Solved: Re: Calculating times between segments/steps in a ...

esp · ‎09-16-2010

Is it possible to dynamically calculate the RHS of a search comparison?

I'm looking to use Splunk to do latency measurements across various segments of a processing pipeline, e.g.:

A -> B -> C

I have a log that looks like:

  <conversationId> <timestamp> <segment (e.g. A, B or C)>

Where conversationId is used to correlate messages related to a single 'conversation' as they flow through the pipeline.

I can calculate end-to-end latency like so:

sourcetype="source" segment="C" |
eval endTime=timestamp |
fields conversationId, endTime |
join type=outer conversationId [
  search sourcetype="source" segment="A" |
  eval startTime=timestamp |
  fields conversationId, startTime
] |
eval latency=(endTime-startTime) |
fields conversationId, latency

which works, but I need to explicitly identify the start and end segments. I'd like to be able to generalize this so that I can calc latency across each of the subsegments without having to name each of them (this becomes a pain as the number of segments increases or changes).

My idea was to include info about the previous segment in the log messages:

  <conversationId> <timestamp> <segment (e.g. A, B or C)> <previousSegment)
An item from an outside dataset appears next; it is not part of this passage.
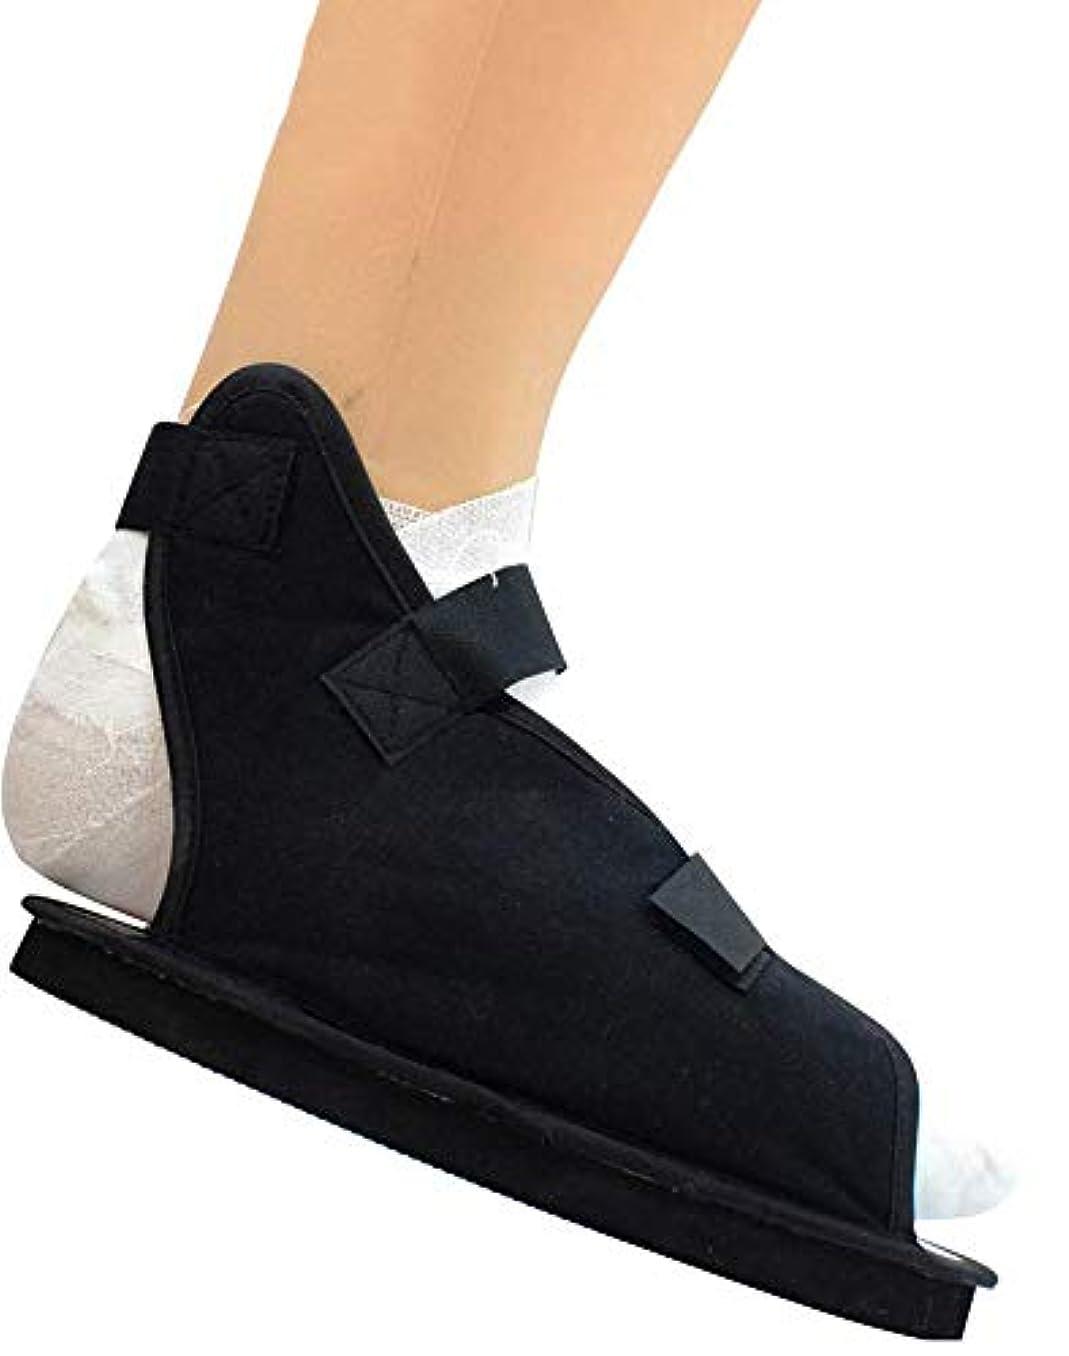 合金印象的な技術的な骨折したつま先/足の骨折のための術後靴 - 男性と女性のための医療/外科用ウォーキングシューズキャストブーツ - /調整可能ストラップ付き整形外科サンダル,XL

And then have a search like:

sourcetype="source" |
eval prev=previousSegment |
eval endTime=timestamp |
fields conversationId, previousSegment, endTime |
join type=outer conversationId [
  search sourcetype="source" segment=***prev*** |
  eval startTime=timestamp |
  fields conversationId, startTime
] |
eval latency=(endTime-startTime) |
fields conversationId, latency

I can't get this to work however. Is there some way to be able to use a calculated field in the RHS of a search comparison?

Thanks, Edwin

gkanapathy · ‎09-16-2010

I don't think you need to (nor should you) do what you seem to be trying.

Seems this search could much more easily and efficiently be done with:

sourcetype=source 
| stats 
    first(_time) as latest
    last(_time) as earliest
  by conversationId
| eval latency = latest-earliest

Alternatively, if for some reason _time isn't the same as timestamp:

sourcetype=source 
| stats 
    max(timestamp) as latest
    min(timestamp) as earliest
  by conversationId
| eval latency = latest-earliest

Update: Oh I see, you want the diffs between each stage. Then you'd need:

source=sourcetype
| streamstats global=f window=2 current=t
    max(_time) as currenttime
    min(_time) as prevtime
  by
    conversationId
| eval latency=later-earlier

I think. I may have it off-by-one, so the latency is for the next stage instead of the previous stage.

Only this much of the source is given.